Exploring Stock Data
I have recently been intrested in modeling stock volatility. In order to make the process easier, I wanted a way to quickly download stock data in R
, and after some quick searching on the web, I stumbled across the tidyquant
package which is able to download stock data from Yahoo Finance, and then conveniently store the data as a tibble
object.
I decided to download the data for the ten largest weighted Dow Jones Industrial Average stocks.
library(tidyquant)
stockDF <- tq_get(c("AAPL", "UNH", "HD", "GS", "MCD", "V", "MSFT", "MMM", "JNJ", "BA"))
str(stockDF)
## tibble [26,390 × 8] (S3: tbl_df/tbl/data.frame)
## $ symbol : chr [1:26390] "AAPL" "AAPL" "AAPL" "AAPL" ...
## $ date : Date[1:26390], format: "2010-01-04" "2010-01-05" ...
## $ open : num [1:26390] 30.5 30.7 30.6 30.2 30 ...
## $ high : num [1:26390] 30.6 30.8 30.7 30.3 30.3 ...
## $ low : num [1:26390] 30.3 30.5 30.1 29.9 29.9 ...
## $ close : num [1:26390] 30.6 30.6 30.1 30.1 30.3 ...
## $ volume : num [1:26390] 1.23e+08 1.50e+08 1.38e+08 1.19e+08 1.12e+08 ...
## $ adjusted: num [1:26390] 26.5 26.5 26.1 26 26.2 ...
head(stockDF)
## # A tibble: 6 x 8
## symbol date open high low close volume adjusted
## <chr> <date> <dbl> <dbl> <dbl> <dbl> <dbl> <dbl>
## 1 AAPL 2010-01-04 30.5 30.6 30.3 30.6 123432400 26.5
## 2 AAPL 2010-01-05 30.7 30.8 30.5 30.6 150476200 26.5
## 3 AAPL 2010-01-06 30.6 30.7 30.1 30.1 138040000 26.1
## 4 AAPL 2010-01-07 30.2 30.3 29.9 30.1 119282800 26.0
## 5 AAPL 2010-01-08 30.0 30.3 29.9 30.3 111902700 26.2
## 6 AAPL 2010-01-11 30.4 30.4 29.8 30.0 115557400 26.0
The data goes all the way back to 2010, but I only want to look at a single year.

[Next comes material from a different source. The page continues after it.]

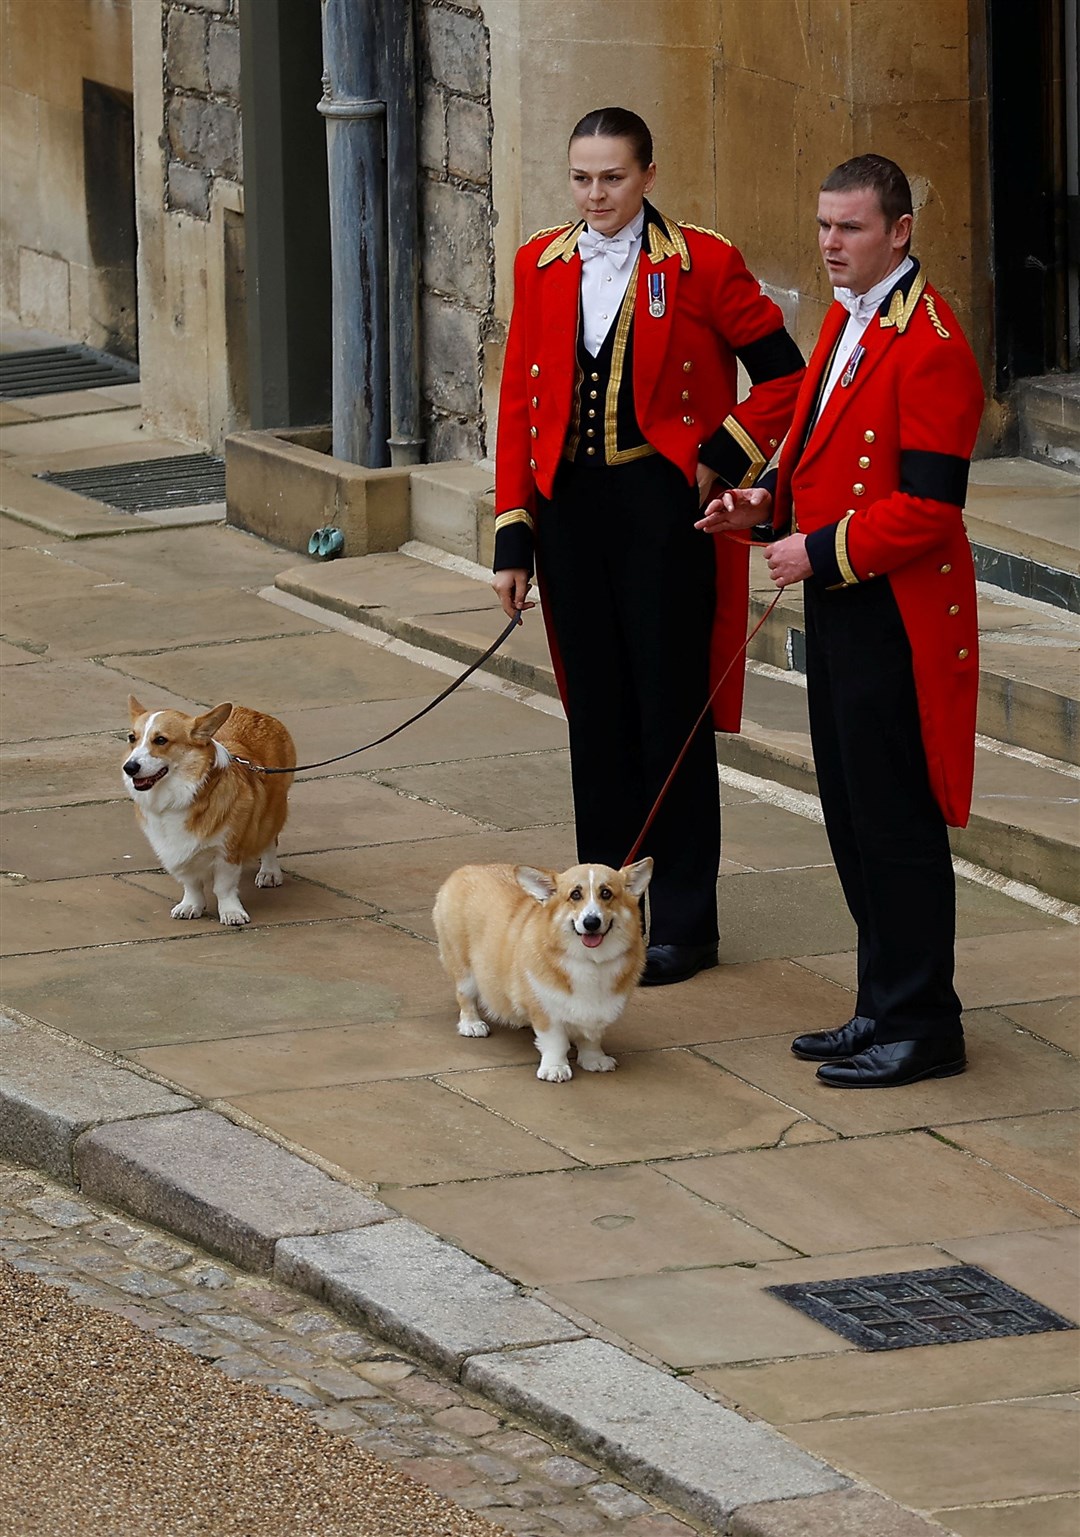 The Queen’s corgis, Muick and Sandy, welcomed her coffin to Windsor Castle (Peter Nicholls/PA)

stockDF <- stockDF %>% dplyr::filter(lubridate::year(stockDF$date)==2018)
A natural next step is to plot this data, and since it is already in a tidy format, doing so with ggplot2
is easy.
library(ggplot2)
ggplot(stockDF, aes(x=date, y=close))+
geom_line()+
facet_wrap(~symbol, scales='free_y', ncol=2)+
ylab("Daily close")
I want to explore the stock volatility, so I also look at the log daily returns rather than the closing price.
stockDF <- stockDF %>% dplyr::mutate(logR=log(close/dplyr::lag(close))) %>% dplyr::filter(date != date("2018-01-02"))
ggplot(stockDF, aes(x=date, y=logR))+
geom_line()+
facet_wrap(~symbol, scales='free_y', ncol=2)+
xlim(c(date("2018-01-03"), date("2018-12-31")))+
ylab("Daily log return")
We see that the behavior of volatility tends to be similar across the different stocks. Particularly, there appears to be greater volatility during the beginning and end of this time period than during the middle. This could be useful when modeling this data, as we may be able to account for correlation between the stocks.